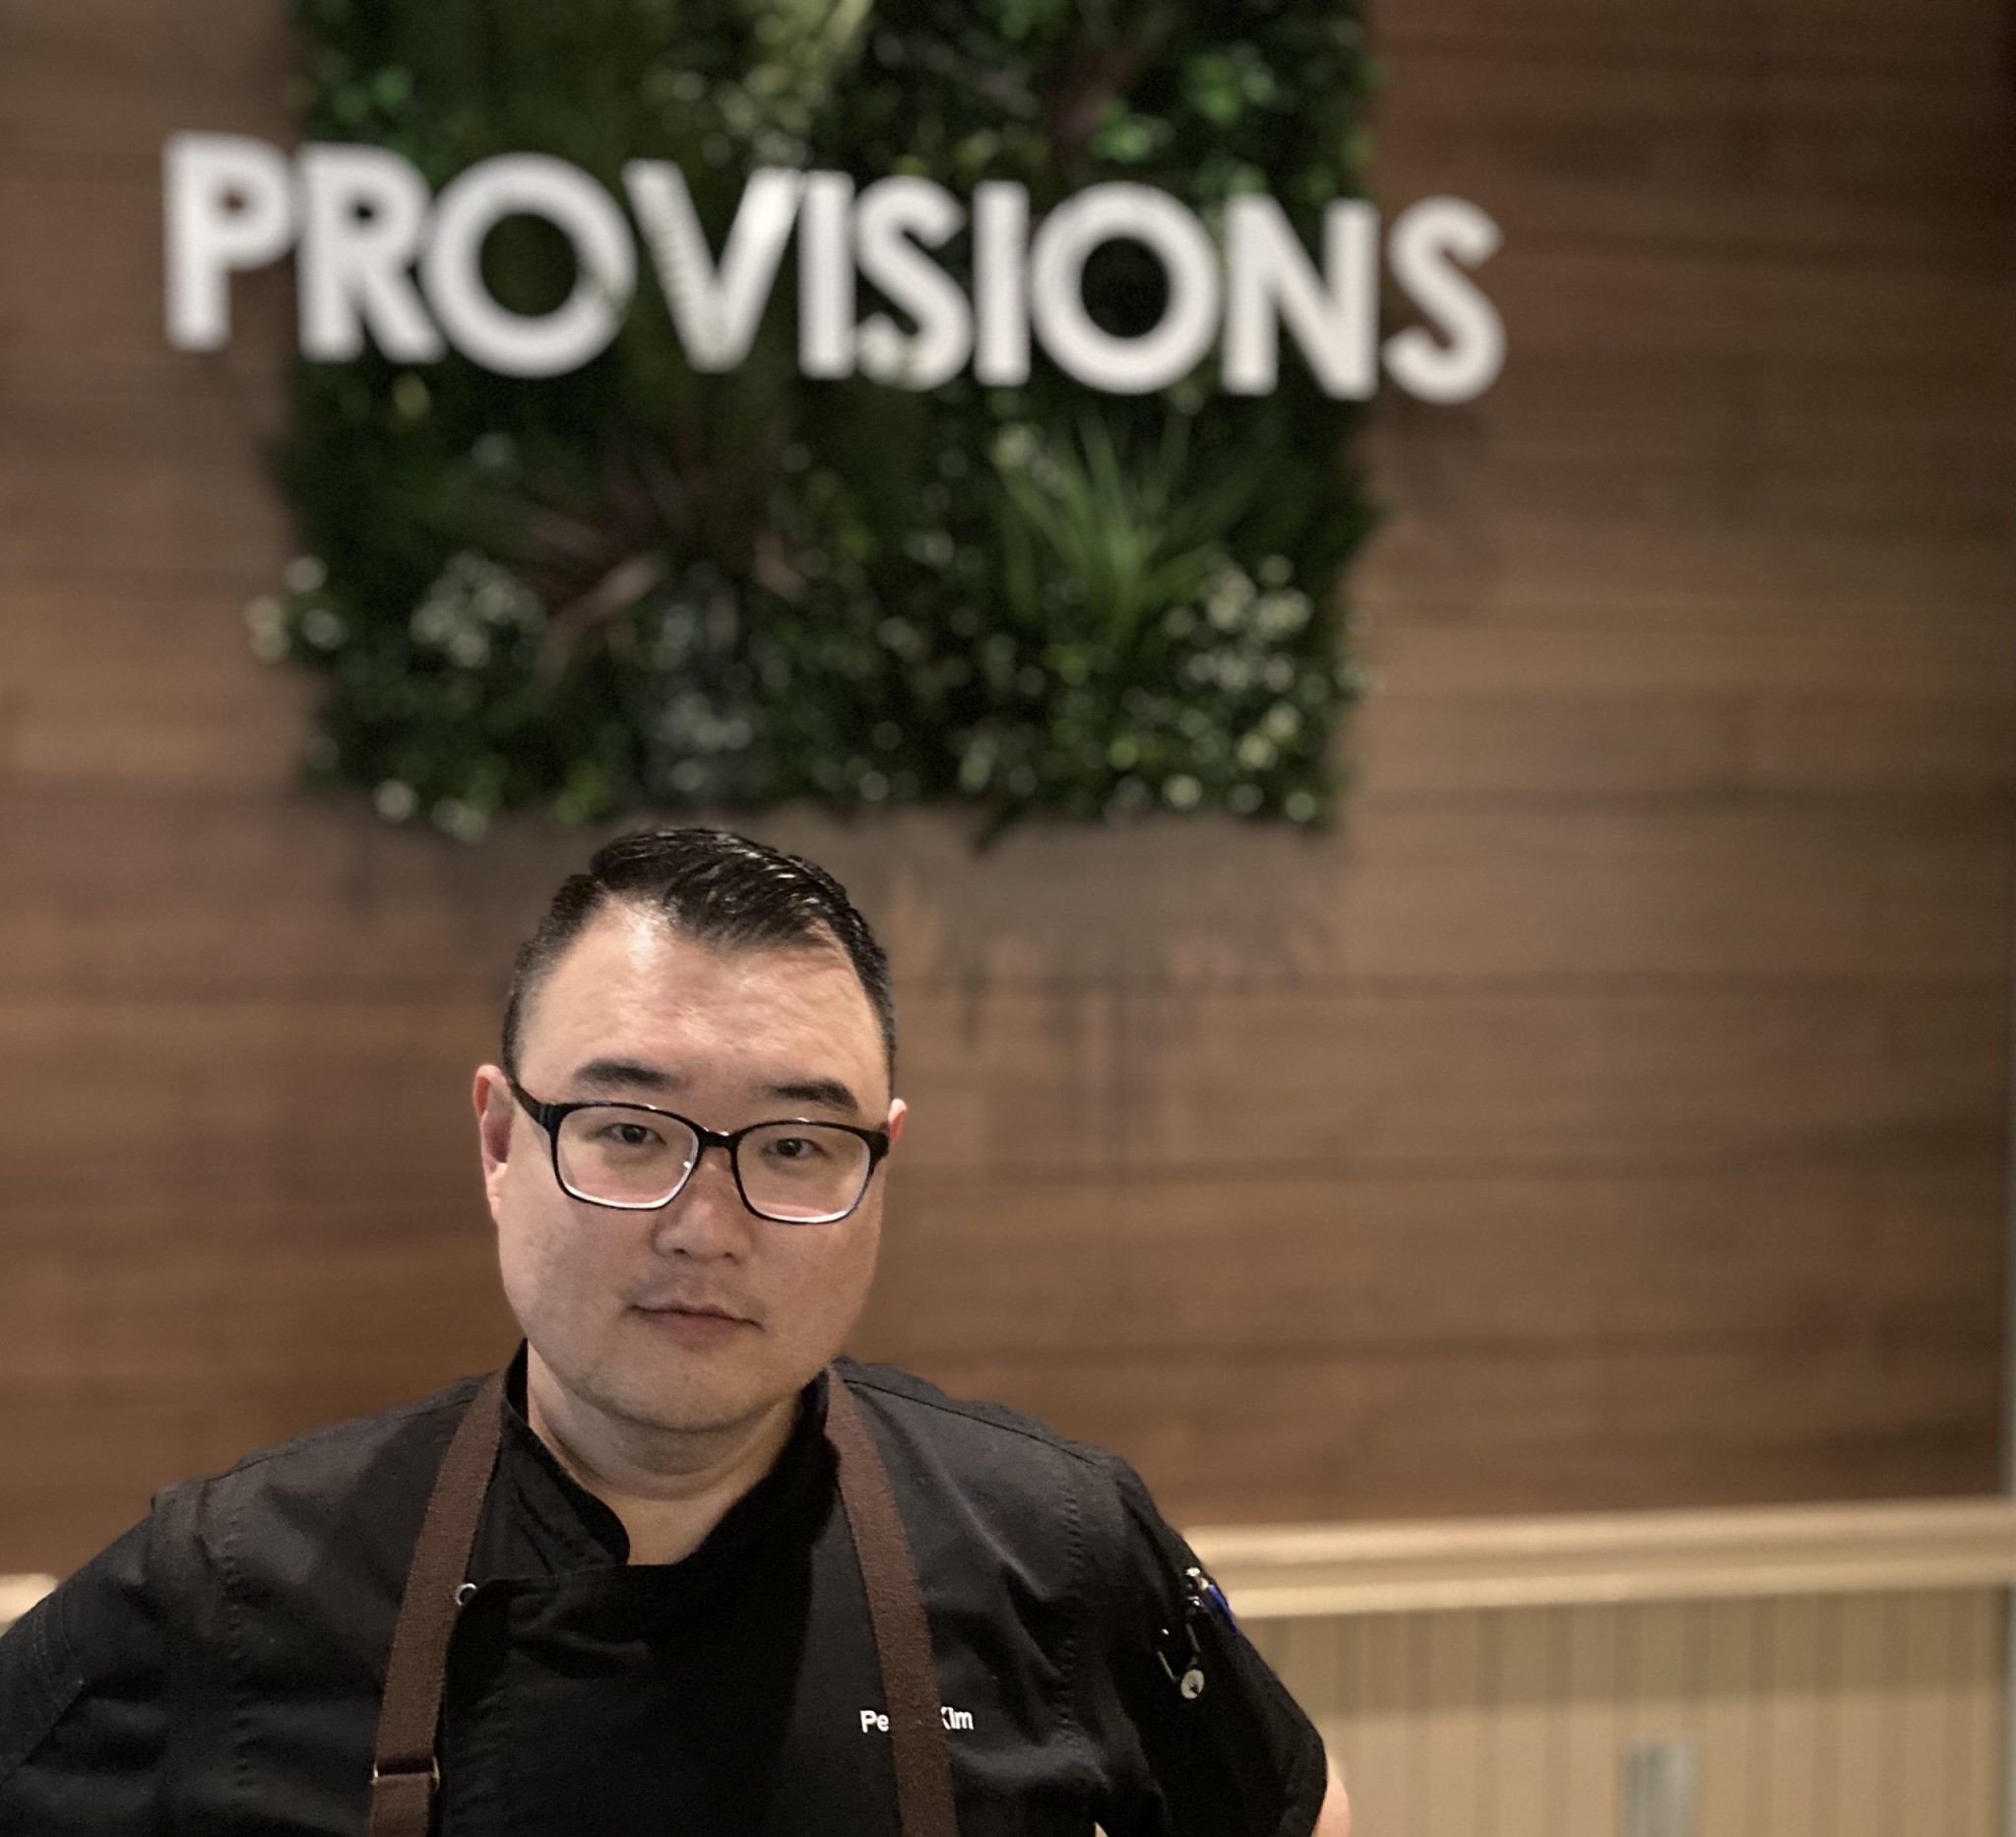 Peter Kim: The Man Behind the Menu at Seaside Provisions
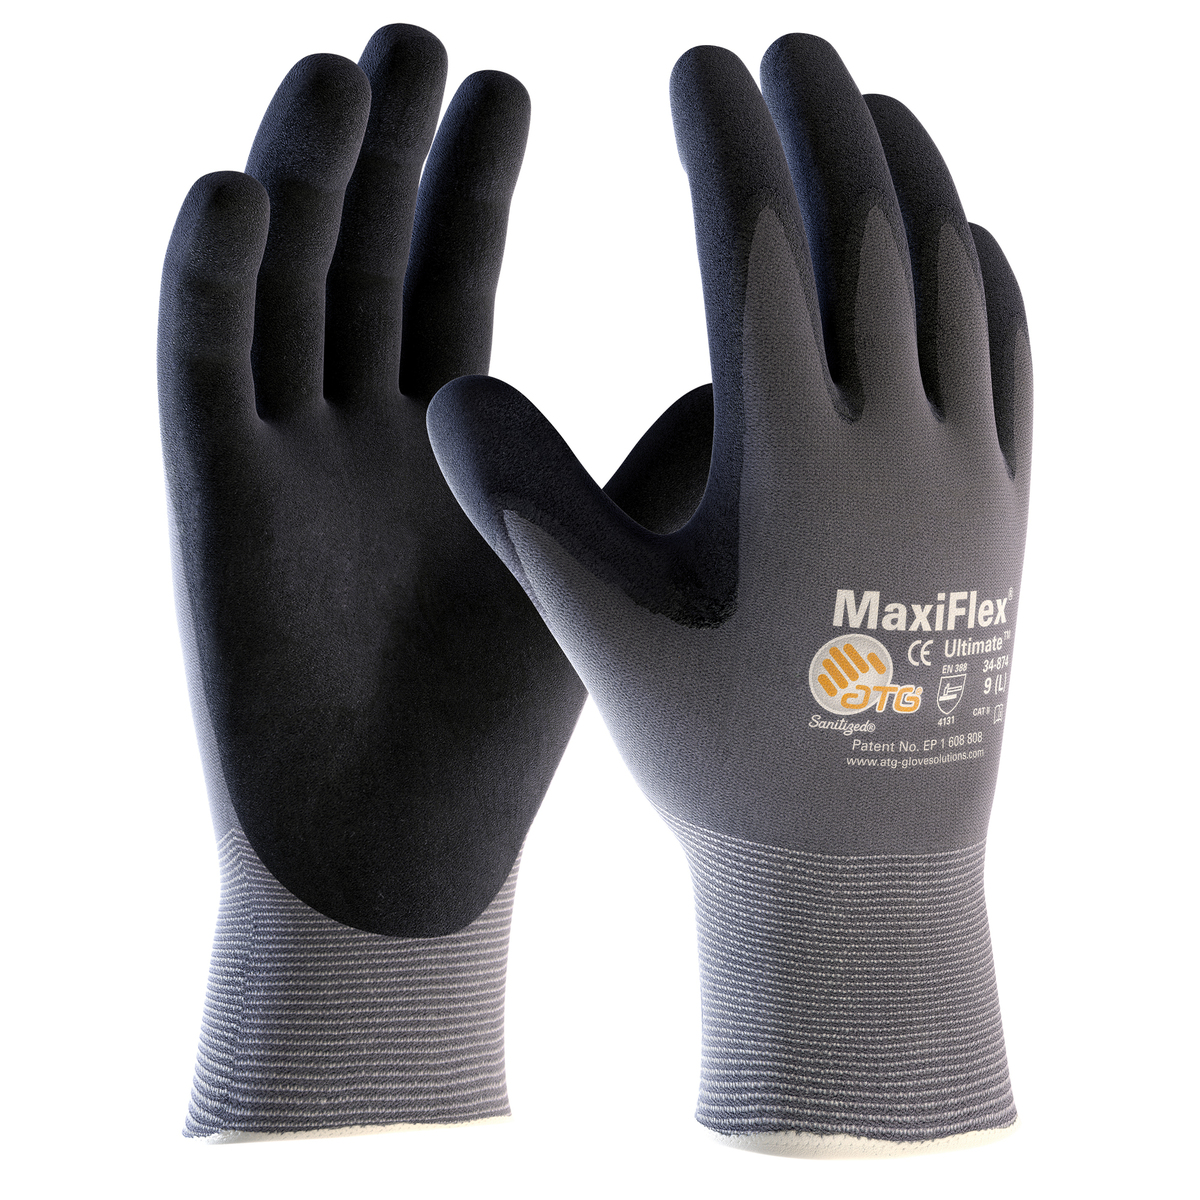 Coated Work Gloves For Sale Online
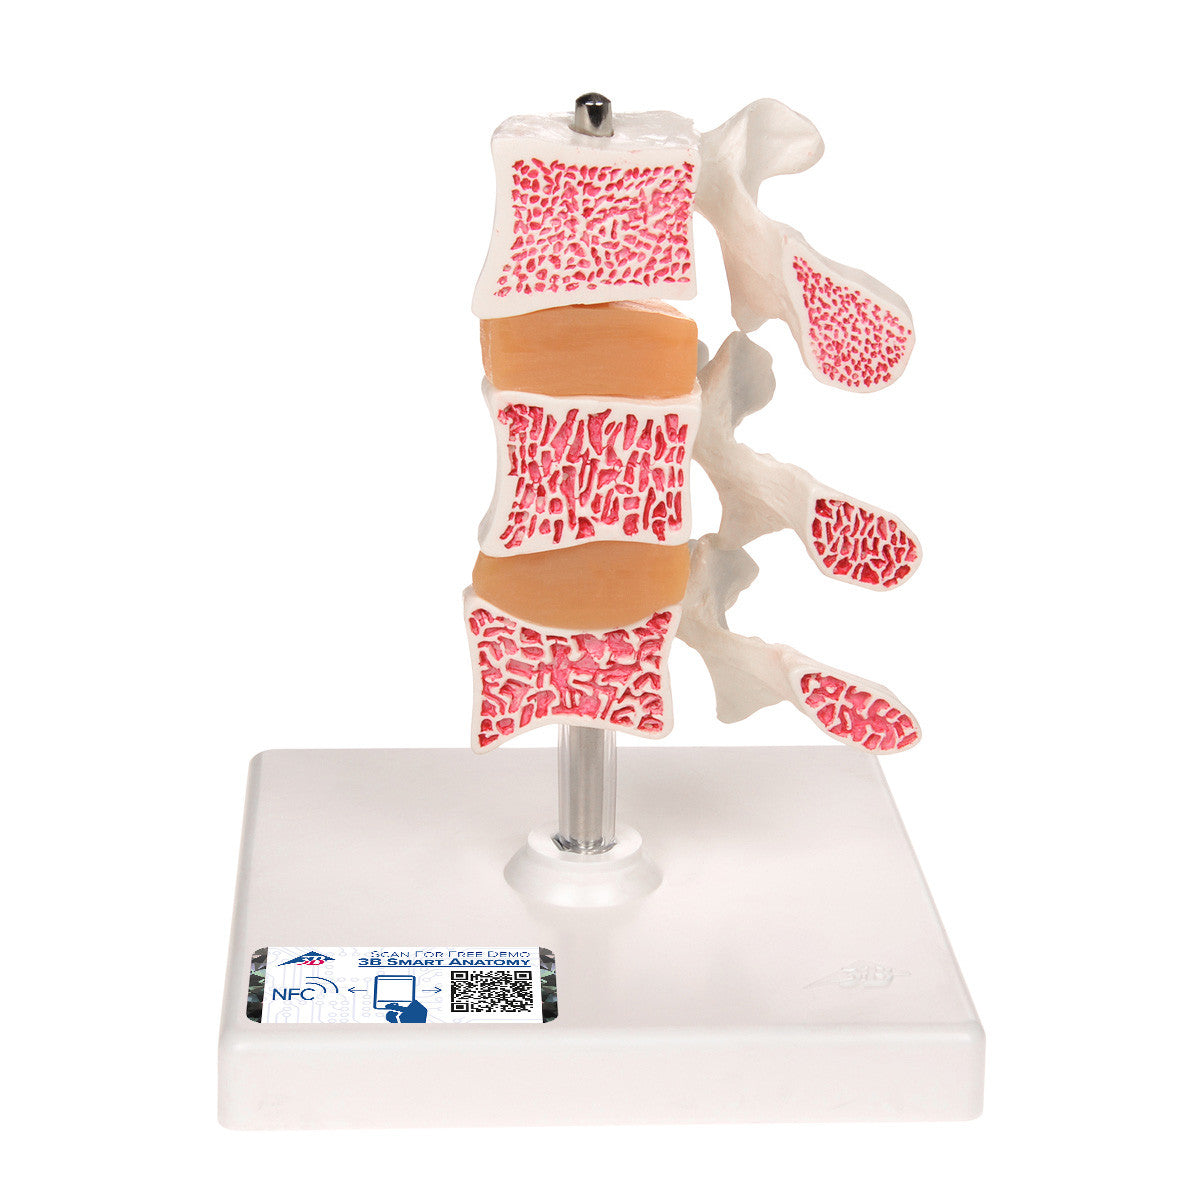 Deluxe Osteoporosis Model - 3B Scientific A78

■ TRY IT ■
Once the pictures are set aside, give the rest of the material again unchanged.

■ FINAL ANSWER ■
 Peter Kim: The Man Behind the Menu at Seaside Provisions
 Coated Work Gloves For Sale Online
 Deluxe Osteoporosis Model - 3B Scientific A78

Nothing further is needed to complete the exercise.